На сцене преобразуют обстановку. Разбирают ящик с распиленной женщиной, уносят со стула спящую. Уносят длинные шесты. В это время звучит монолог одного из мужчин, из которого зритель узнает, что Бунин очень любил русскую провинцию. Меняют освещение, в центре сцены устанавливают прозрачный ящик с макетом декорации сада уездного города, о котором было в монологе. А может, это вообще все 3D-изображение? Размером порядка метра. В любом случае современные технологии продемонстрированы.
Артист читает большой текст Бунина. По тому, как он грамотно, но как-то равнодушно читает, возникает впечатление, что Бунин здесь не главное, а гораздо важнее режиссерские кунштюки. Так и есть!
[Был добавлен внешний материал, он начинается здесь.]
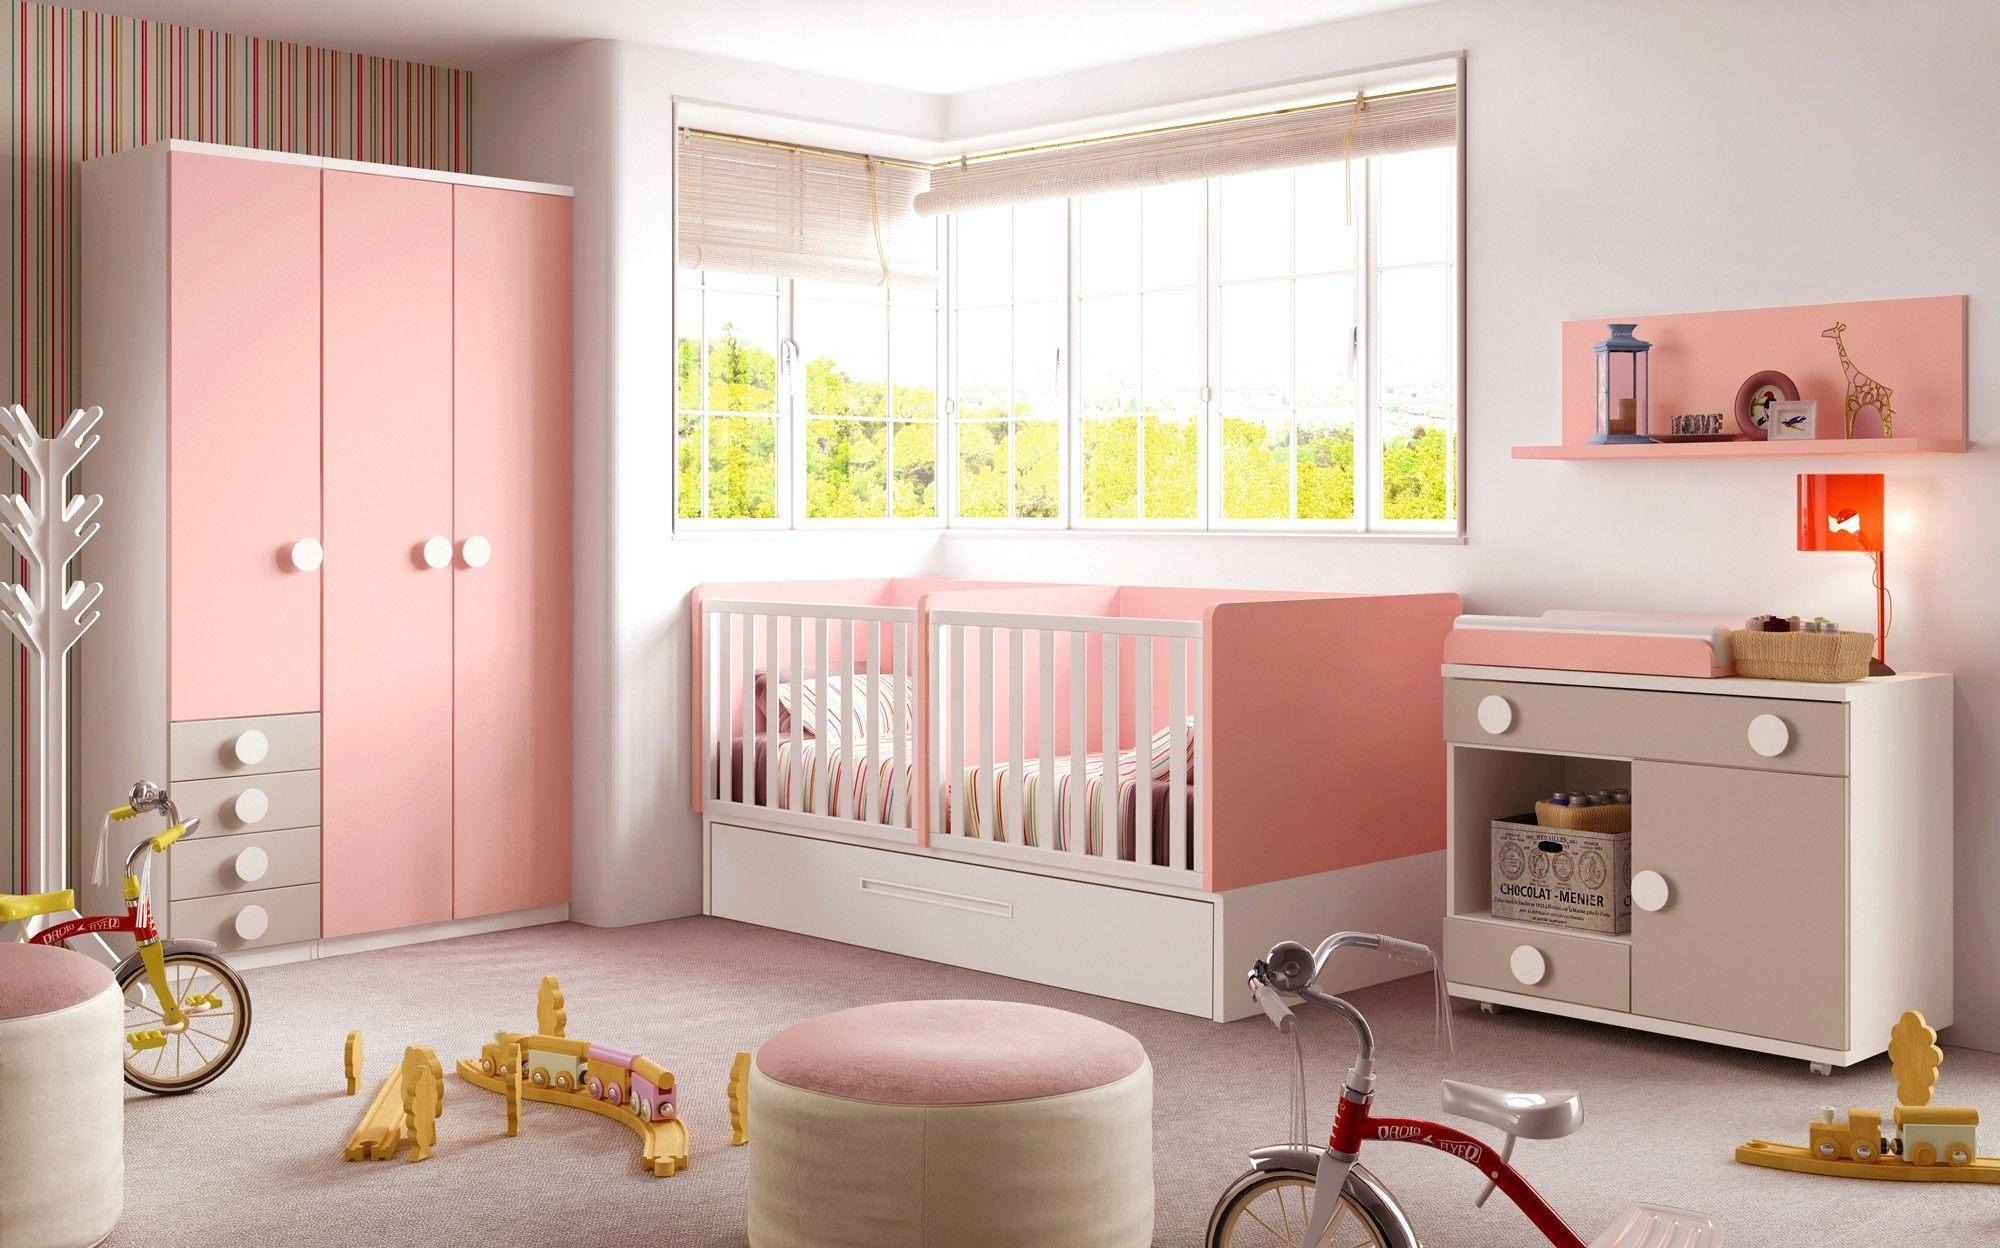 Lit Bebe Bois Fraîche Charmant Chambre Enfant Bebe Et Chambre Bébé Bois Massif Lit Bébé
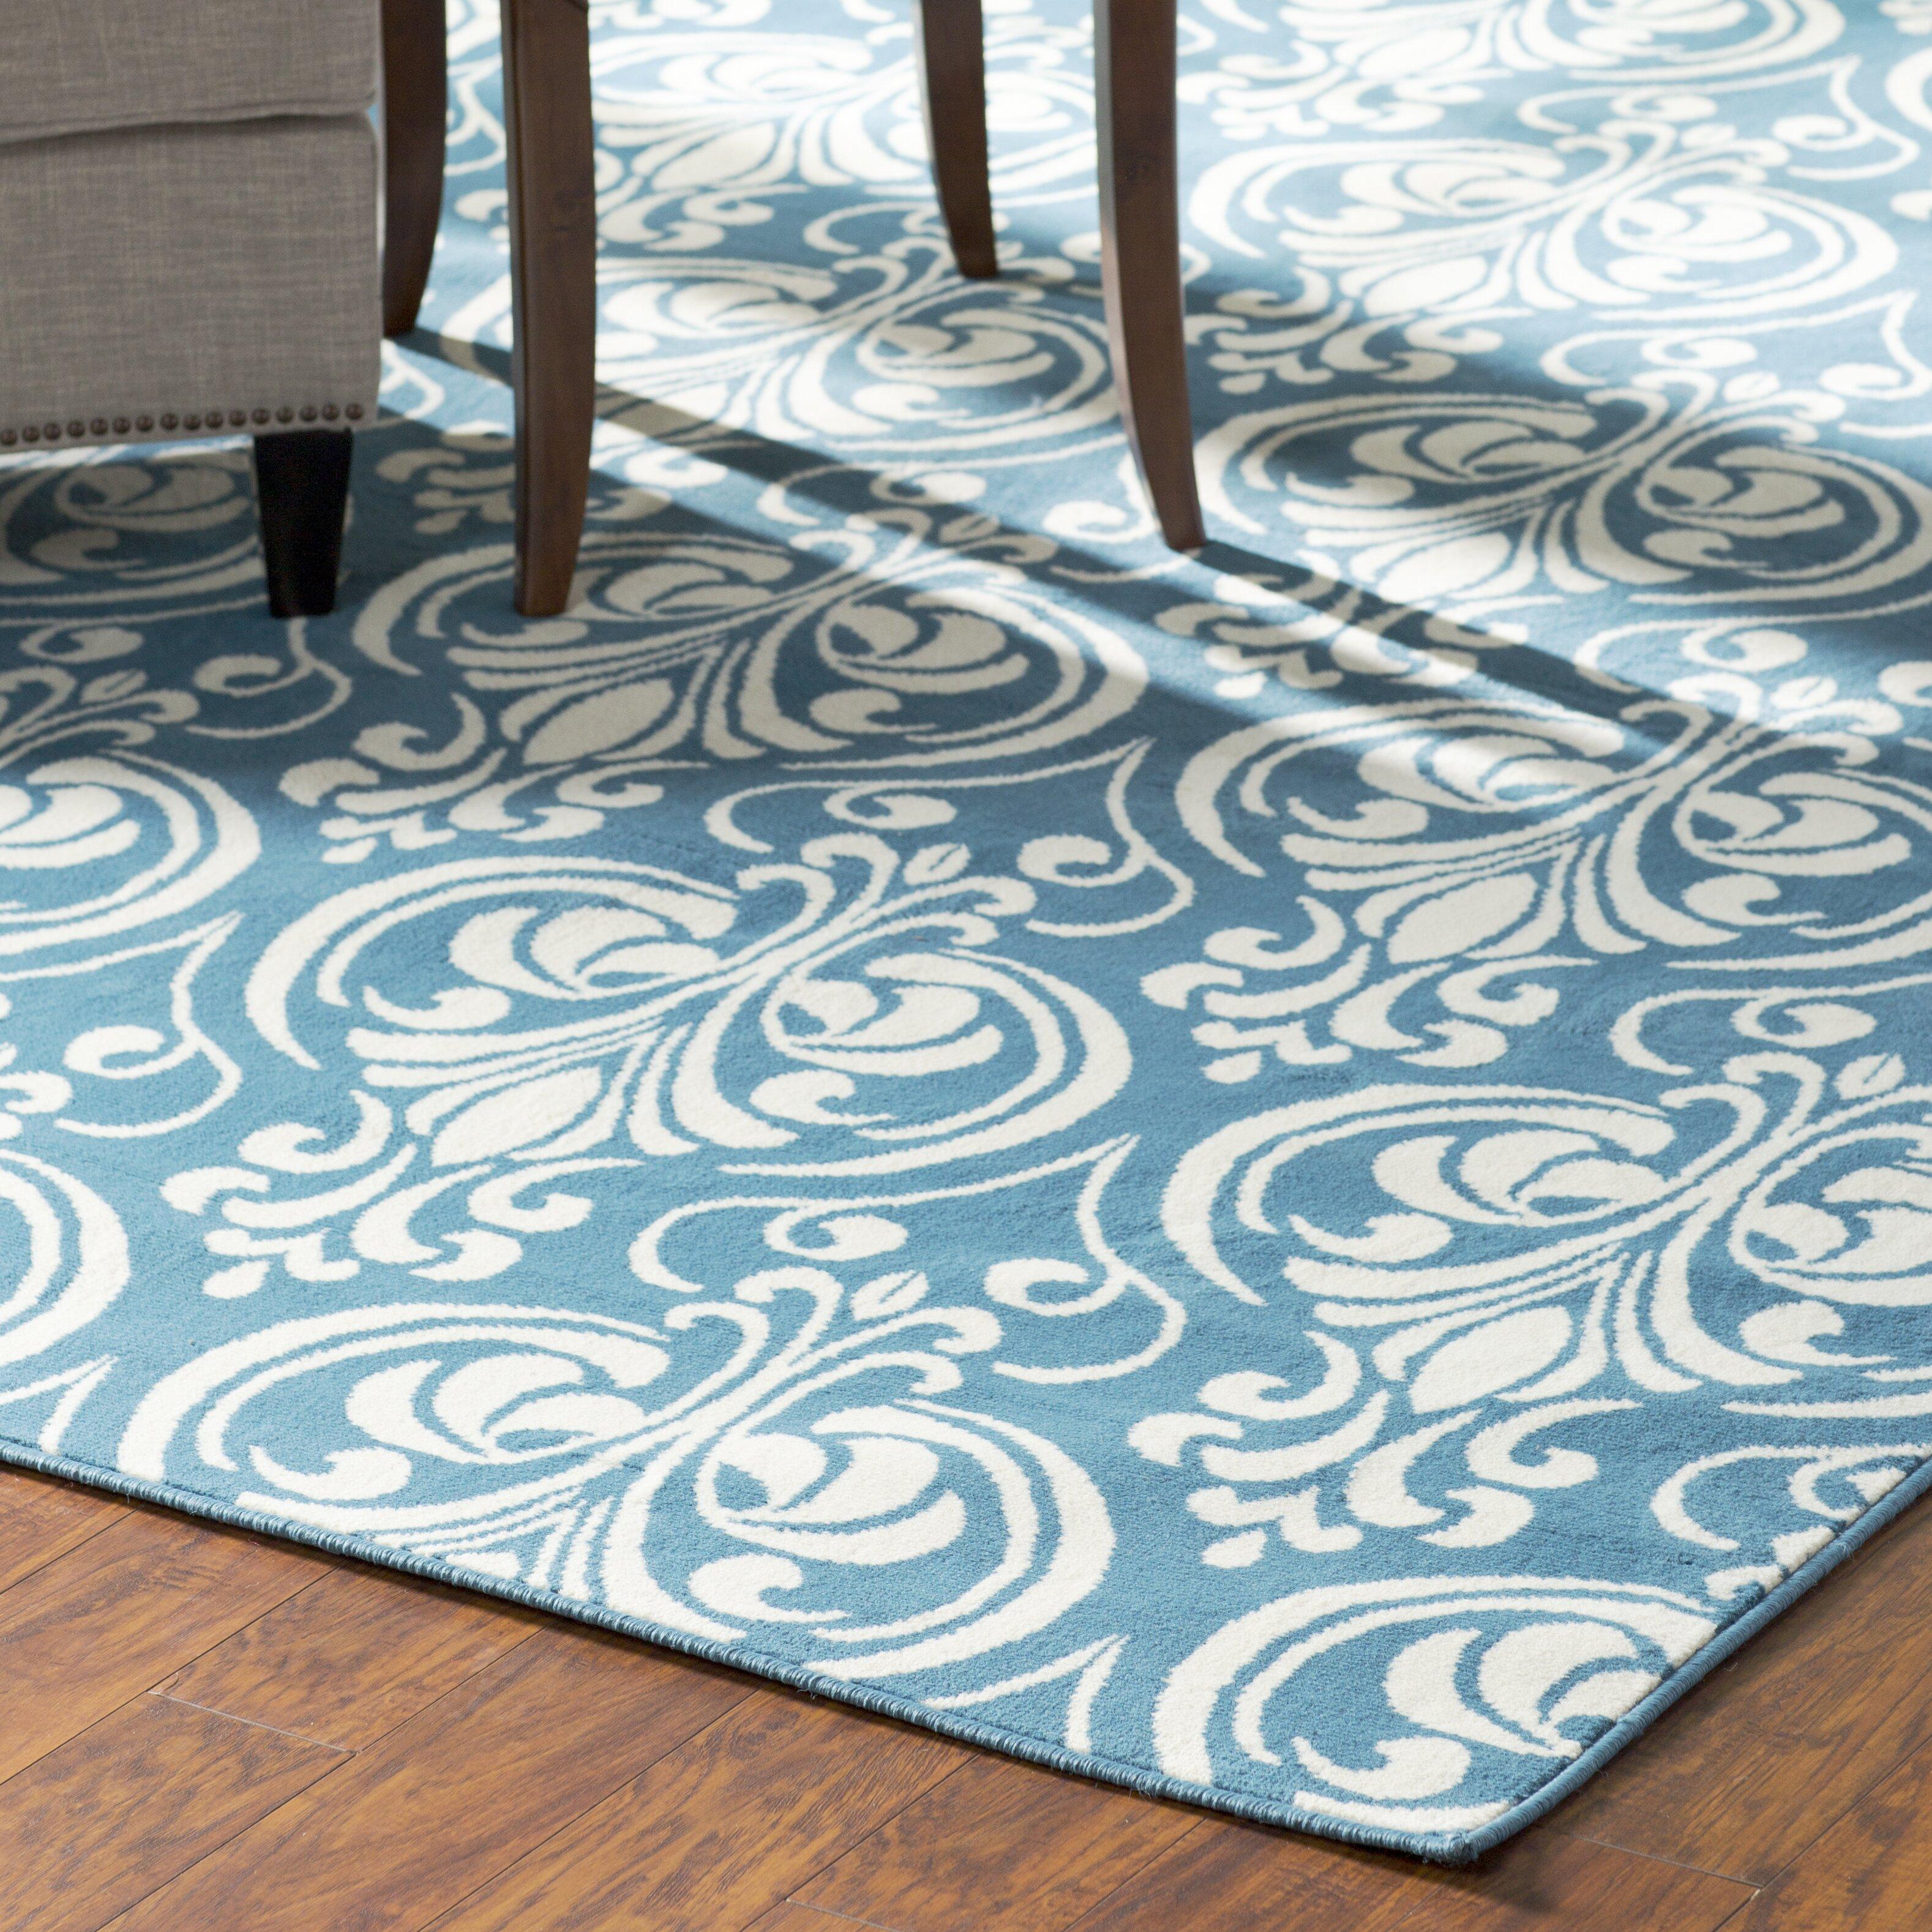 Andover Mills Pearl Blue Indoor Outdoor Area Rug & Reviews

Он вынимает из кармана маленькие фигурки и усаживает рх на скамейку в саду
на макете. Все-таки не 3D, понимает зритель. Или 3D?! Чтение еще длится, а макет
тем временем увозят в сторону.
Эпизод 4-й
Снова все сидят на стульях в ряд и курят. На гармони играют мелодии русских песен. Все шесты соединяют горизонтально в длинный поручень и держат его на коленях горизонтально. (Я поняла, кажется, многие режиссерские намеки, а вот эти палки меня интригуют! У Бунина, помнится, есть про пароход. Может, это какие-то поручни?)
Один из мужчин, странный (кокаинист, морфинист?), произносит длинный монолог на французском. Изредка внизу появляется перевод. Попадается слово эльзаска. Он тоже вынимает из-за пазухи куколку, ведет диалог с ней и остервенело душит ее. Гармонь без музыки “дышит”, раздвигая мехи.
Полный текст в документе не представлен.